## SOURCE DATA

------

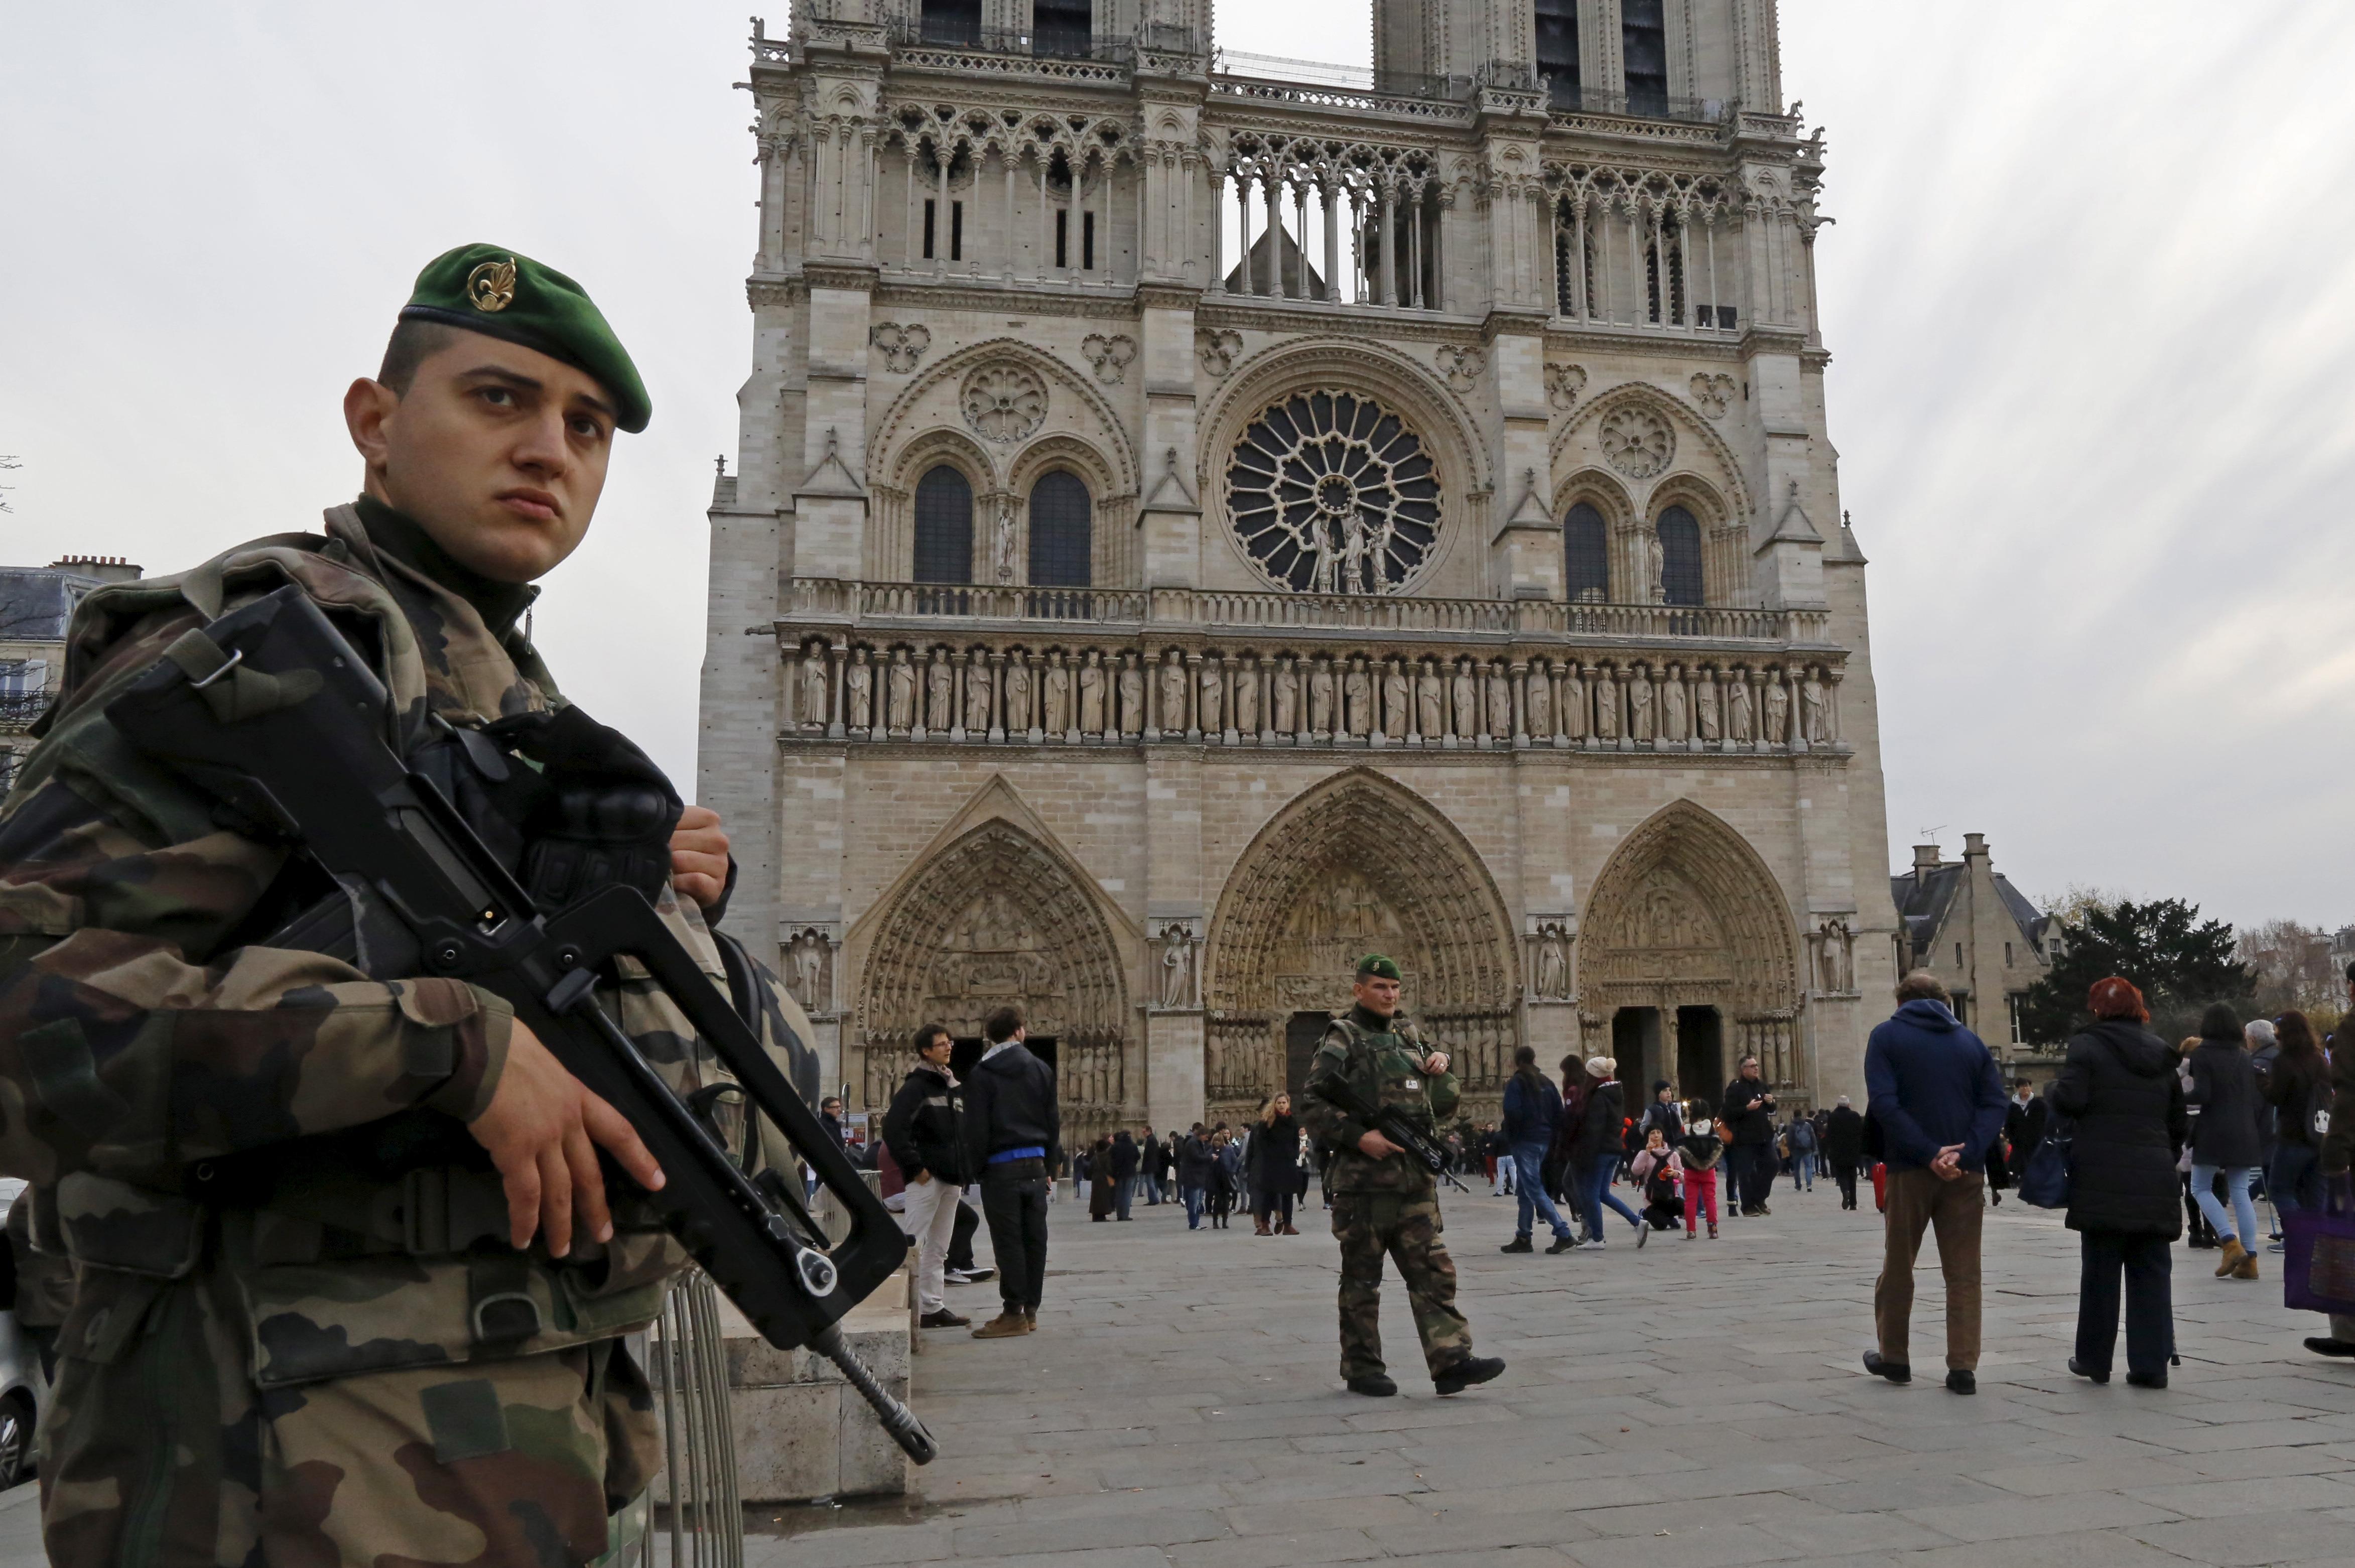 France tightens church security for Christmas - CBS News 068a0e628
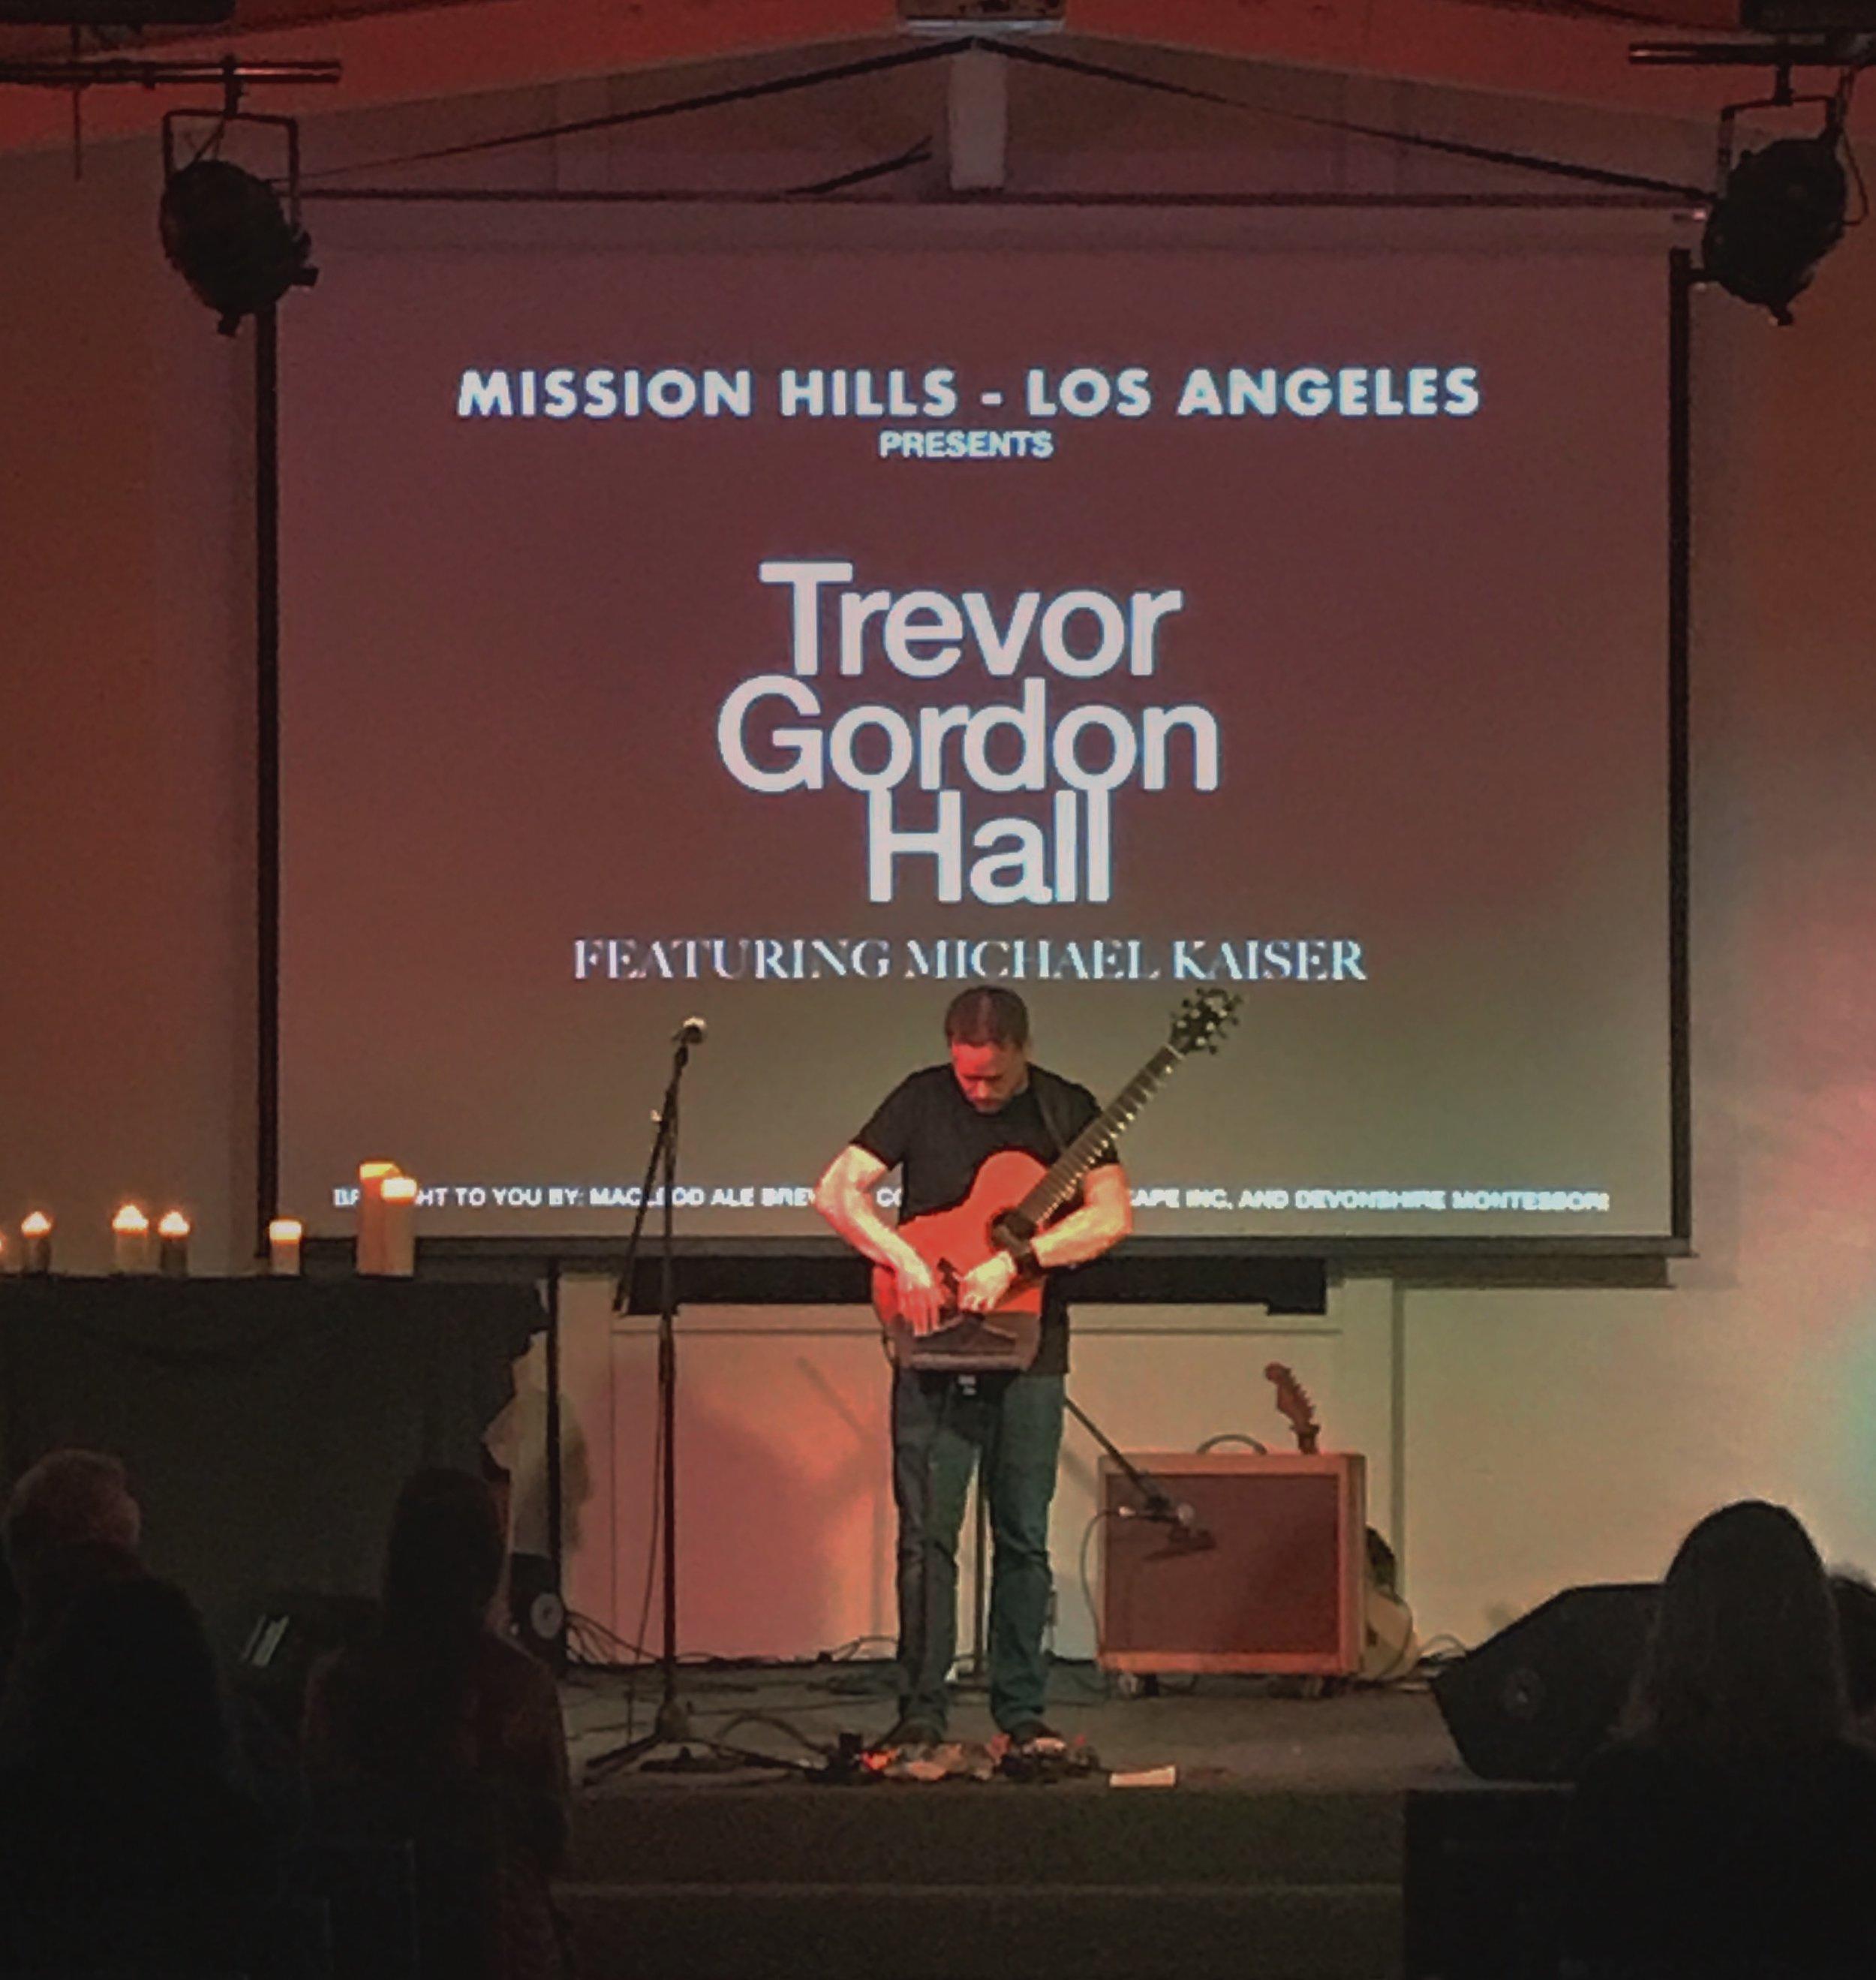 trevor-gordon-hall-mission-hills-los-angeles-free-concert.jpg
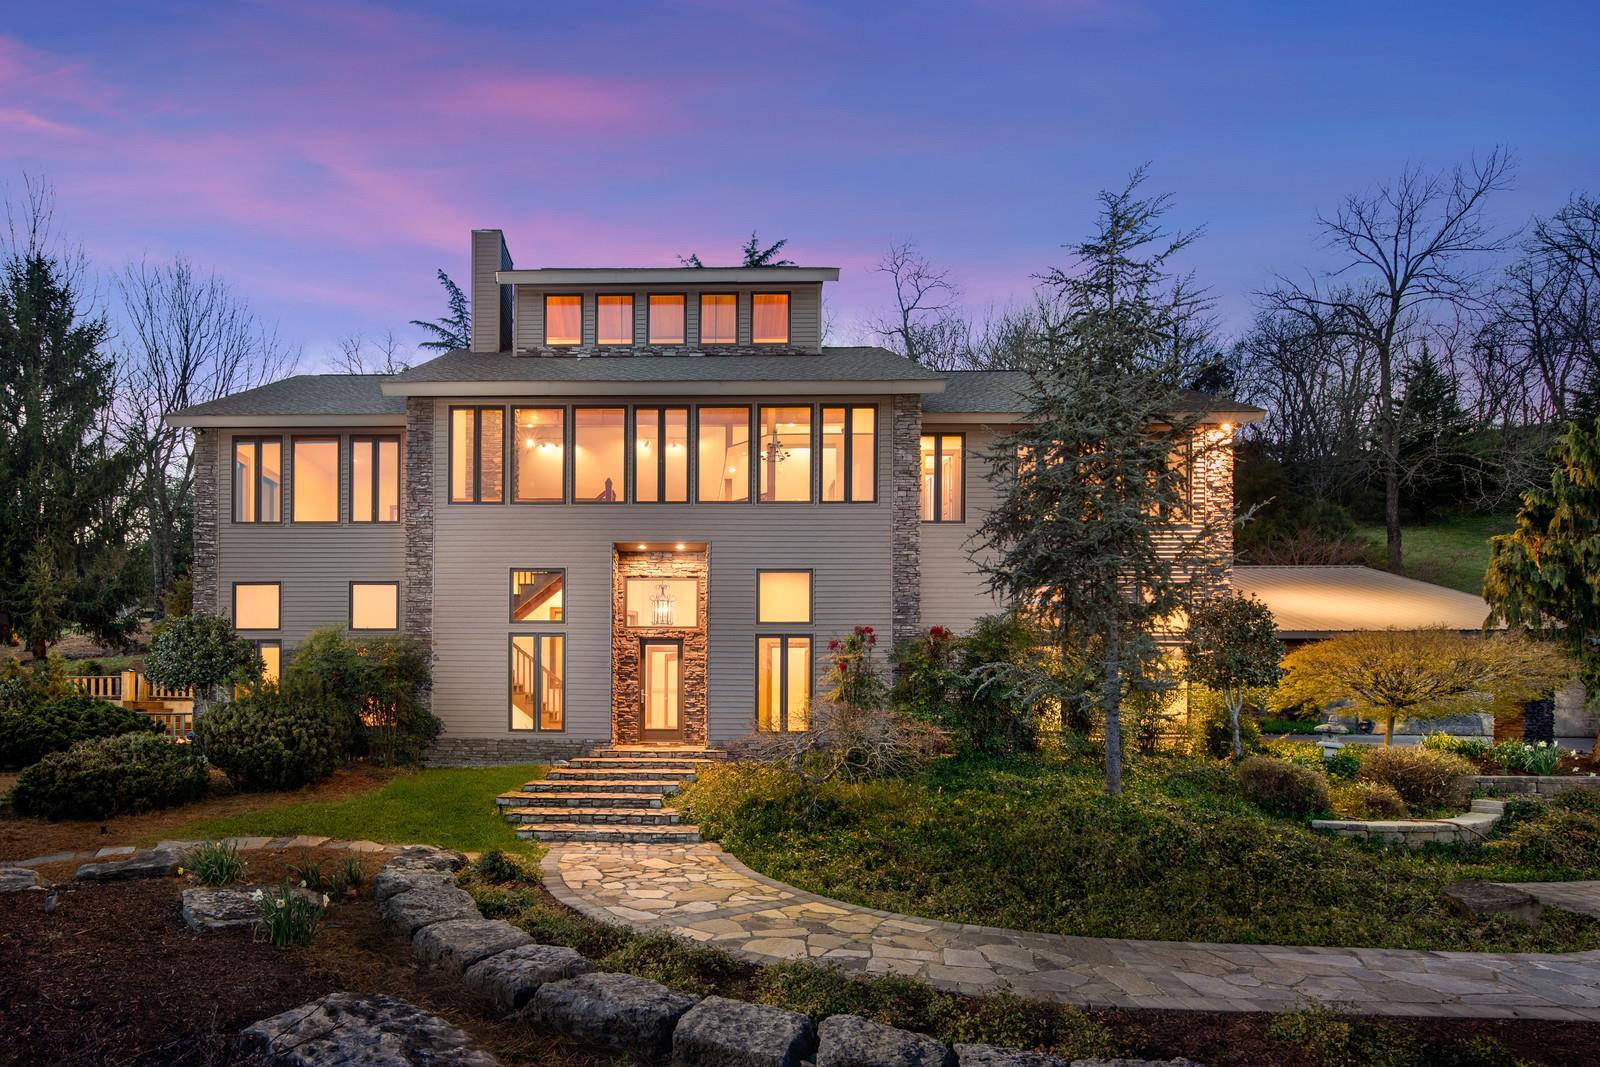 3631 E McEwen Dr, Franklin, TN 37064 - Franklin, TN real estate listing

------

## ACTIVITY
Everything in the data must be printed verbatim except the pictures.

## RESULT OF THE TASK
 France tightens church security for Christmas - CBS News 068a0e628
 trevor-gordon-hall-mission-hills-los-angeles-free-concert.jpg
 3631 E McEwen Dr, Franklin, TN 37064 - Franklin, TN real estate listing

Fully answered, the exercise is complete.